Critical Evaluation of Quantum Machine Learning for Adversarial Robustness
Saeefa Rubaiyet Nowmi, Jesus Lopez, Md Mahmudul Alam Imon, Shahrooz Pouryousef, Mohammad Saidur Rahman
TL;DR
This work delivers a systematic framework for evaluating adversarial robustness in quantum machine learning (QML) and provides an empirical study across black-box, gray-box, and white-box threat models using quantum neural networks. It analyzes how data encoding schemes (angle vs amplitude) and circuit depth interact with Noise in NISQ devices to shape resilience, revealing that amplitude encoding excels in noiseless, deep regimes while angle encoding offers greater robustness in shallow, noisy regimes. The study demonstrates that QMLP models are surprisingly robust to classical label-flipping but are vulnerable to gradient-based evasion and encoder-level attacks like QUID, with noise offering a partial natural defense. The findings underscore the need for quantum-native defenses, hardware-aware circuit designs, and threat-aware pipelines to enable secure, real-world deployment of QML systems on NISQ-era hardware.
Abstract
Quantum Machine Learning (QML) integrates quantum computational principles into learning algorithms, offering improved representational capacity and computational efficiency. Nevertheless, the security and robustness of QML systems remain underexplored, especially under adversarial conditions. In this paper, we present a systematization of adversarial robustness in QML, integrating conceptual organization with empirical evaluation across three threat models-black-box, gray-box, and white-box. We implement representative attacks in each category, including label-flipping for black-box, QUID encoder-level data poisoning for gray-box, and FGSM and PGD for white-box, using Quantum Neural Networks (QNNs) trained on two datasets from distinct domains: MNIST from computer vision and AZ-Class from Android malware, across multiple circuit depths (2, 5, 10, and 50 layers) and two encoding schemes (angle and amplitude).
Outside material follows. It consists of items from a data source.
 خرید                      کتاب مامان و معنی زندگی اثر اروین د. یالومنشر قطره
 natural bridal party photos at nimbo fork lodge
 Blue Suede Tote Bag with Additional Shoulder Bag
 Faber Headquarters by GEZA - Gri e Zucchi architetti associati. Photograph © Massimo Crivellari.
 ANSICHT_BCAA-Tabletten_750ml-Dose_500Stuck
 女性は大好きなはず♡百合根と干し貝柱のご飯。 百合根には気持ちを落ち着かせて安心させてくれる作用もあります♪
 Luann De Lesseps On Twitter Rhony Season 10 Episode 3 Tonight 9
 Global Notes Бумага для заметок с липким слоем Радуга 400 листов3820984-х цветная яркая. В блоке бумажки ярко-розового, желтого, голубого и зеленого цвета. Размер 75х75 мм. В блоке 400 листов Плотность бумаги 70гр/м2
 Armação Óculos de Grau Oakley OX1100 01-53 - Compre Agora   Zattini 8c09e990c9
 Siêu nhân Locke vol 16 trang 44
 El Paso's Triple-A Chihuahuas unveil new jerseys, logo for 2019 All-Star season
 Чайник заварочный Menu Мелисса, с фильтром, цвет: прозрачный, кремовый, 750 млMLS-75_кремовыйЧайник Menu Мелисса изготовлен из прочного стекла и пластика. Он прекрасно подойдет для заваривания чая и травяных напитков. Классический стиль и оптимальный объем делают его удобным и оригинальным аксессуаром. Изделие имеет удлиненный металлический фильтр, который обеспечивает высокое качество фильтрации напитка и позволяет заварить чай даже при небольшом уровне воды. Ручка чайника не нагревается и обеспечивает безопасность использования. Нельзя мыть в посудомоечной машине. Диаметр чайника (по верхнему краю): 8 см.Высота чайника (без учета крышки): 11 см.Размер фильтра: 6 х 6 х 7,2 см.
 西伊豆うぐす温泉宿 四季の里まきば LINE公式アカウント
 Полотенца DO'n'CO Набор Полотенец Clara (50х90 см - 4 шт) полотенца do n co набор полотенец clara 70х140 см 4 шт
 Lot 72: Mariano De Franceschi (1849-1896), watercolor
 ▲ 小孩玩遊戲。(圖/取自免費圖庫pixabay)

Our evaluation shows that amplitude encoding yields the highest clean accuracy (93% on MNIST and 67% on AZ-Class) in deep, noiseless circuits; however, it degrades sharply under adversarial perturbations and depolarization noise (p=0.01), dropping accuracy below 5%. In contrast, angle encoding, while offering lower representational capacity, remains more stable in shallow, noisy regimes, revealing a trade-off between capacity and robustness. Moreover, the QUID attack attains higher attack success rates, though quantum noise channels disrupt the Hilbert-space correlations it exploits, weakening its impact in image domains. This suggests that noise can act as a natural defense mechanism in Noisy Intermediate-Scale Quantum (NISQ) systems. Overall, our findings guide the development of secure and resilient QML architectures for practical deployment. These insights underscore the importance of designing threat-aware models that remain reliable under real-world noise in NISQ settings.